See more details in https://github.com/DSE-MSU/DeepRobust/blob/master/examples/graph/test_nipa.py

eval(training=True)[source]

Evaluate RL agent.

possible_actions(list_st, list_at, t)[source]
Parameters:
  • list_st – current state
  • list_at – current action
Returns:

actions for next state

Return type:

list

train(num_episodes=10, lr=0.01)[source]

Train RL agent.

deeprobust.graph.global_attack.random_attack module

class Random(model=None, nnodes=None, attack_structure=True, attack_features=False, device='cpu')[source]

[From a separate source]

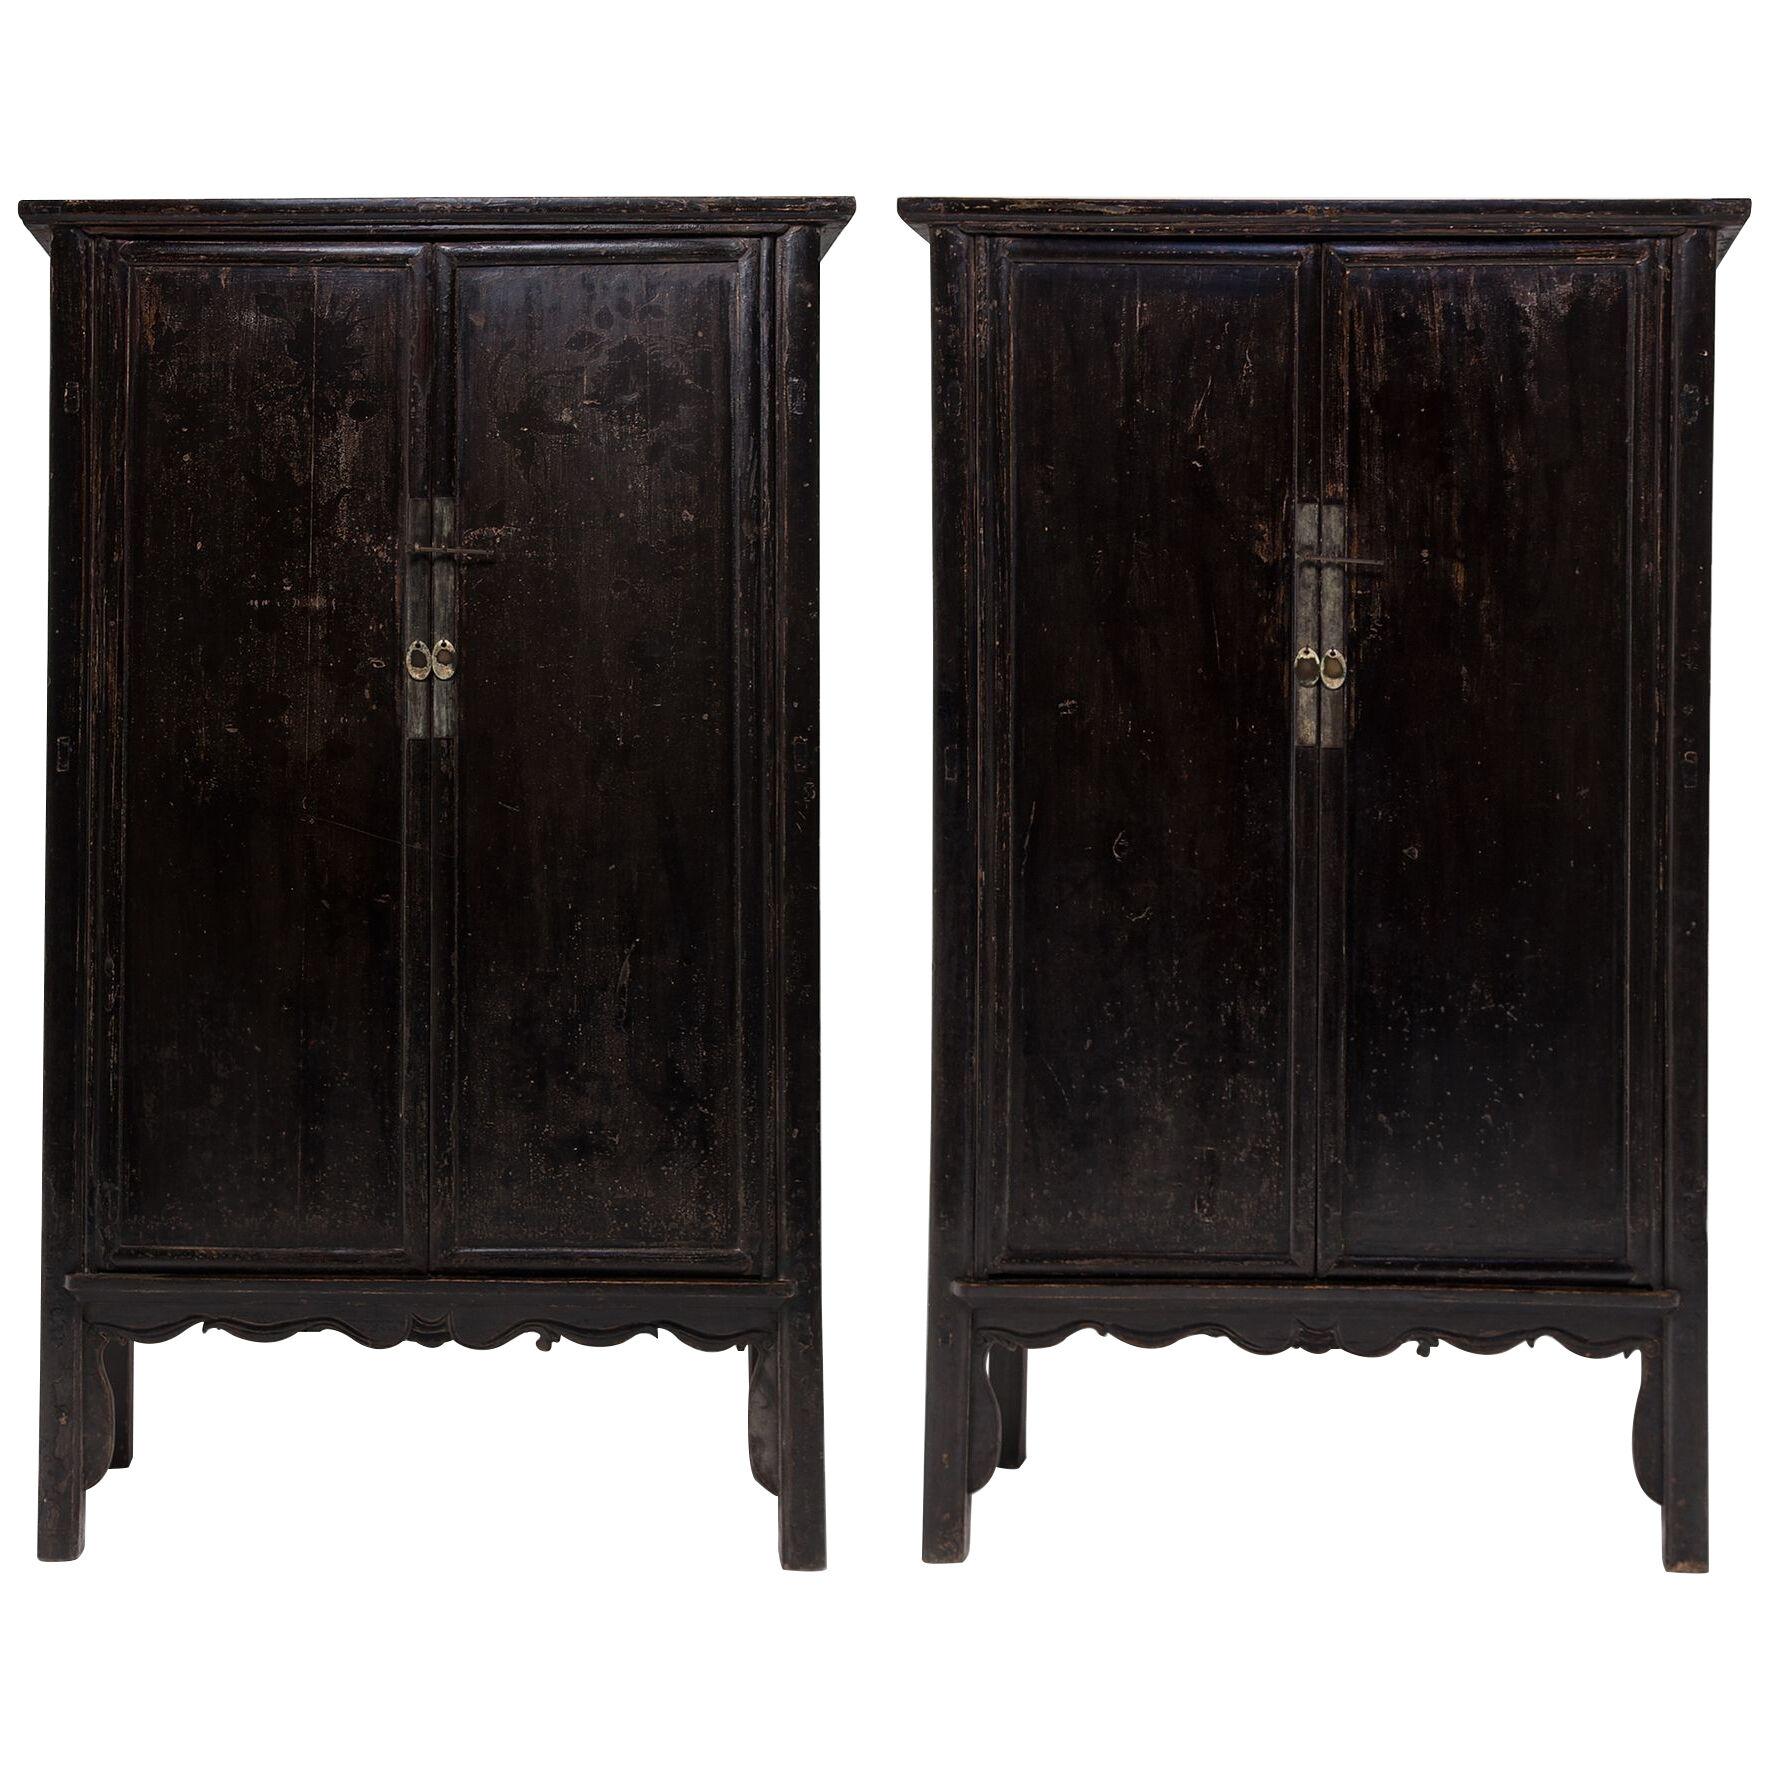 Pair of Black Lacquer Cabinets with Scalloped Aprons

Randomly adding edges to the input graph

Parameters:
  • model – model to attack. Default None.
  • nnodes (int) – number of nodes in the input graph
  • attack_structure (bool) – whether to attack graph structure
  • attack_features (bool) – whether to attack node features
  • device (str) – ‘cpu’ or ‘cuda’

Examples

>>> from deeprobust.graph.data import Dataset
>>> from deeprobust.graph.global_attack import Random
>>> data = Dataset(root='/tmp/', name='cora')
>>> adj, features, labels = data.adj, data.features, data.labels
>>> model = Random()
>>> model.attack(adj, n_perturbations=10)
>>> modified_adj = model.modified_adj
attack(ori_adj, n_perturbations, type='add', **kwargs)[source]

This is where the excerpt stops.